Adam: «Ero uno dei ragazzi che frequentavano il doposcuola, oggi aiuto i bambini a fare i compiti»

Ad aiutare Clara nella sua missione ci sono una trentina di volontarie e volontari come lei. C’è chi segue i ragazzi che fanno i compiti e chi distribuisce il pane, chi presidia le docce e chi tiene in ordine i magazzini, chi smista gli abiti e chi prepara i pasti che ogni giovedì sera vengono portati alle persone senza fissa dimora della stazione Termini e dintorni. Tutti danno il loro tempo e tutti sono convinti di ricevere in cambio molto di più di quello che hanno dato. Leila è nell’età della pensione, anche lei viene qui tutti i giorni e sistema quintali di vestiti. Nahida è arrivata 30 anni fa dalla Giordania e ogni pomeriggio prepara le merende per i ragazzi. Nella Casa del pane, a Piazza 100 Gatti, Fernando distribuisce pizza e pagnotte alle famiglie del quartiere insieme a Nahida e alla loro inseparabile compagna, la gatta Nerina. Anche Adam, che abbiamo incontrato all’inizio di questo piccolo viaggio, viene quasi ogni giorno all’oratorio. La prima volta che è arrivato qui, insieme a sua madre Mymuna, aveva appena otto mesi. «Mia madre era profuga politica», racconta. «È scappata dall’Etiopia senza sapere di essere incinta e si è ritrovata in Italia da sola, senza nessun su cui poter contare. Fortunatamente ha incontrato Clara e Padre Claudio». Nella Casa Famiglia Adam ci è cresciuto, era uno dei bambini che frequentavano il doposcuola.
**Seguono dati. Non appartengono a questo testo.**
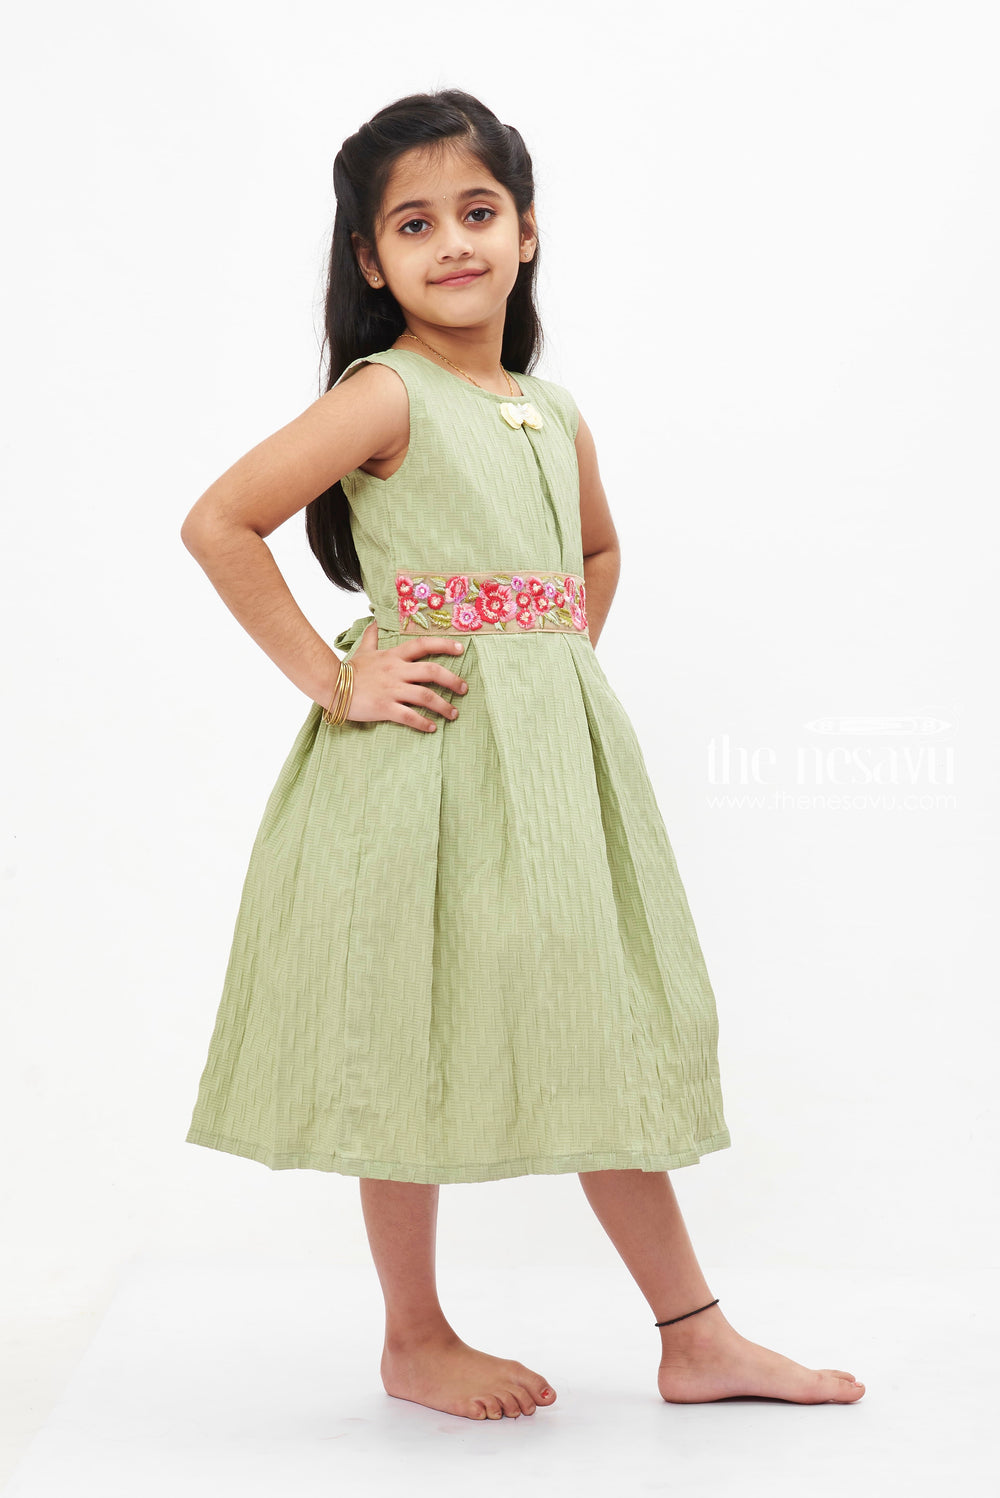 The Nesavu Girls Fancy Frock Sage Elegance Pleated Cotton Dress: Serene Green with Delicate Collar for Girls Nesavu Girls' Sage Green Pleated Dress | Cotton Collar Frock for Kids | The Nesavu

E oggi, che ha 24 anni e due lauree, una in Economia Aziendale e l’altra in Economia e Management sanitario, è lui ad aiutare i bambini del doposcuola. Anche Mymuna è una volontaria, in associazione dà una mano come può. «Ora che stiamo bene vogliamo fare qualcosa per gli altri», conclude Adam. «In Italia non abbiamo parenti, è questa la nostra famiglia».

Nella Casa Famiglia Lodovico Pavoni tutti insieme si fa comunità

Al tramonto la piazza dell’oratorio si riempie di vita. C’è l’intervallo della merenda per chi sta facendo i compiti e i campi di calcio sono pieni. È iniziato il karaoke, si sente distintamente una voce cantare “Sei l’unica donna per me” di Alan Sorrenti. Sembra un ritorno alla fine degli anni Settanta, in un’Italia che oggi non esiste più. A cantare è Padre Carlo Cavatton, camicia a quadretti e viso rilassato, che si è preso un momento per sé. Insieme agli altri naturalmente, perché il senso più profondo della Casa Famiglia Lodovico Pavoni è il valore di fare comunità.